🤖 AI Summary
Probabilistic forecasting of irregularly sampled, multivariate time series with missing values—common in healthcare, astronomy, and climate science—remains challenging. Existing methods are limited to point-wise or univariate predictions and rely on restrictive parametric distributional assumptions, hindering flexible modeling of joint uncertainty across arbitrary timestamps and channels.
Method: We propose the first conditional normalizing flow framework tailored for irregular time series. It introduces a novel invertible triangular attention layer and fully real-valued invertible nonlinear activation functions, eliminating distributional priors and directly modeling the joint conditional distribution of future observations. The architecture integrates temporal encoders, invertible neural networks, and attention mechanisms.

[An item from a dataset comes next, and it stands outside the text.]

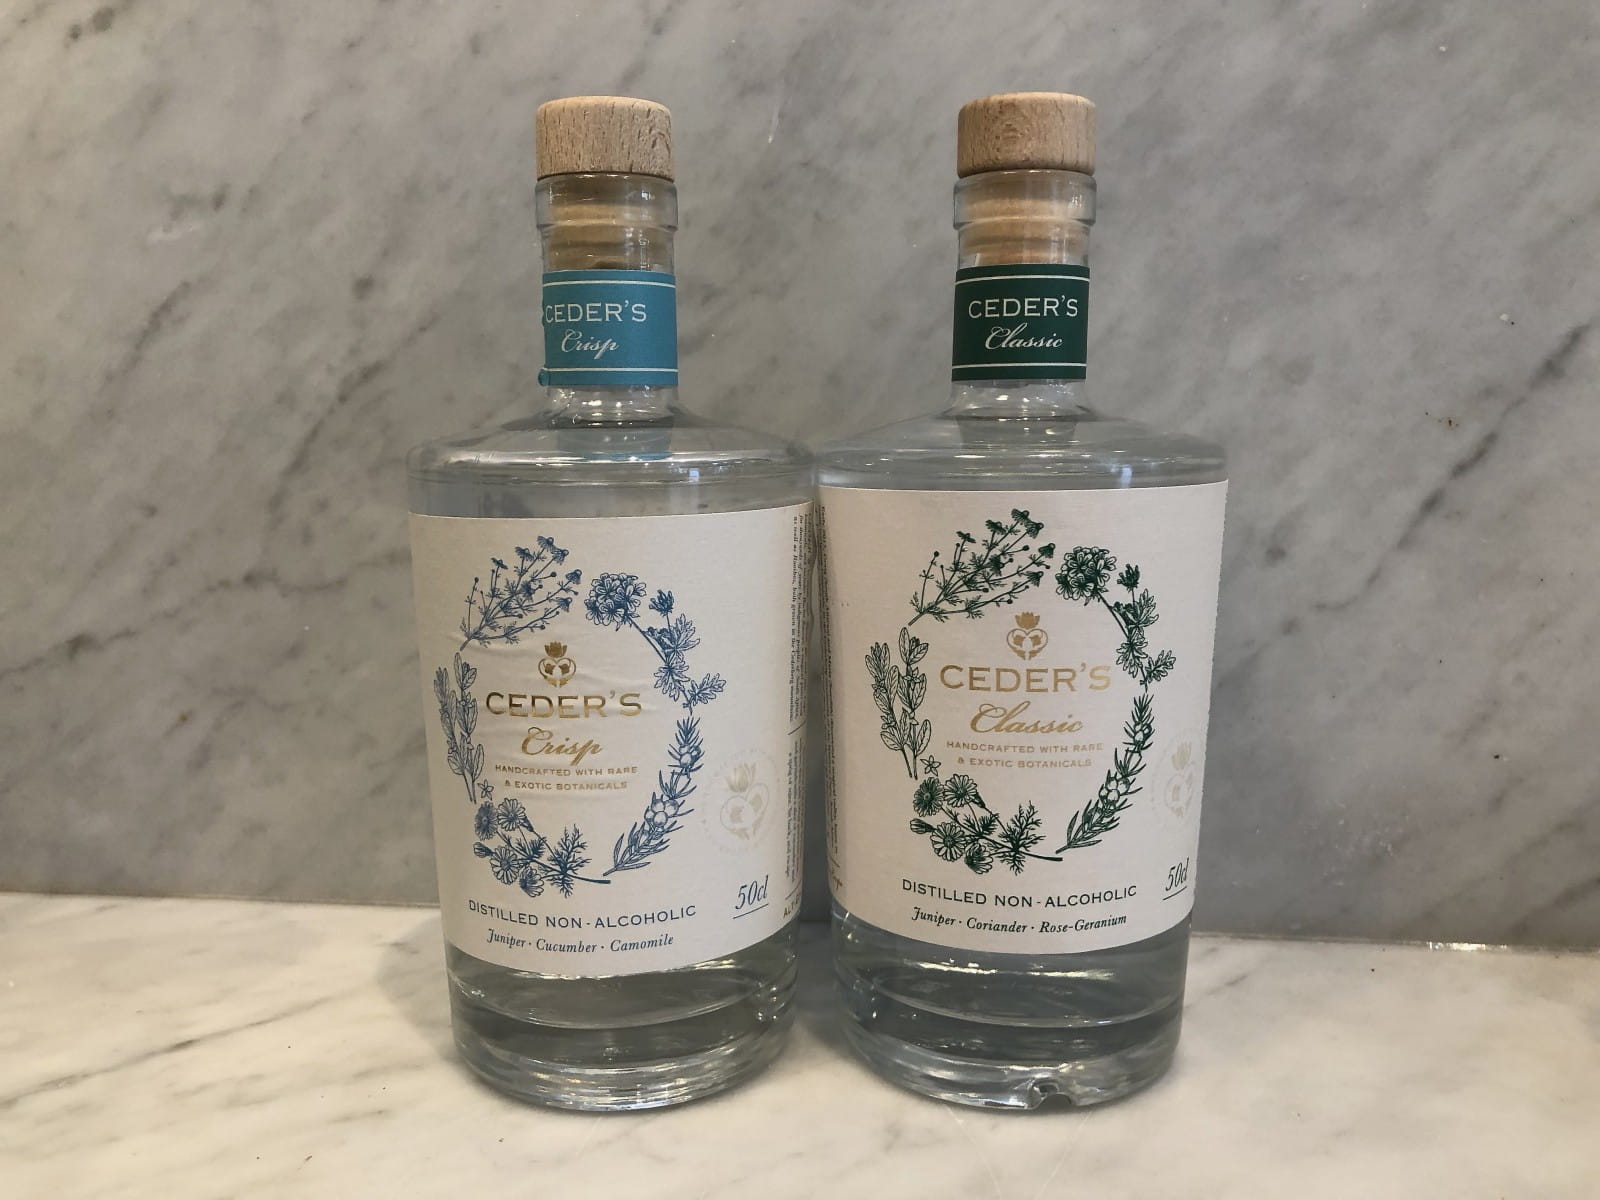 CEDER’S alcohol-free ‘gin’

Contribution/Results: Evaluated on four benchmark datasets, our method achieves up to a 4× improvement in log-likelihood over state-of-the-art approaches, demonstrating superior calibration and expressive power in capturing complex, time-varying dependencies.
📝 Abstract
Probabilistic forecasting of irregularly sampled multivariate time series with missing values is an important problem in many fields, including health care, astronomy, and climate. State-of-the-art methods for the task estimate only marginal distributions of observations in single channels and at single timepoints, assuming a fixed-shape parametric distribution. In this work, we propose a novel model, ProFITi, for probabilistic forecasting of irregularly sampled time series with missing values using conditional normalizing flows. The model learns joint distributions over the future values of the time series conditioned on past observations and queried channels and times, without assuming any fixed shape of the underlying distribution. As model components, we introduce a novel invertible triangular attention layer and an invertible non-linear activation function on and onto the whole real line. We conduct extensive experiments on four datasets and demonstrate that the proposed model provides $4$ times higher likelihood over the previously best model.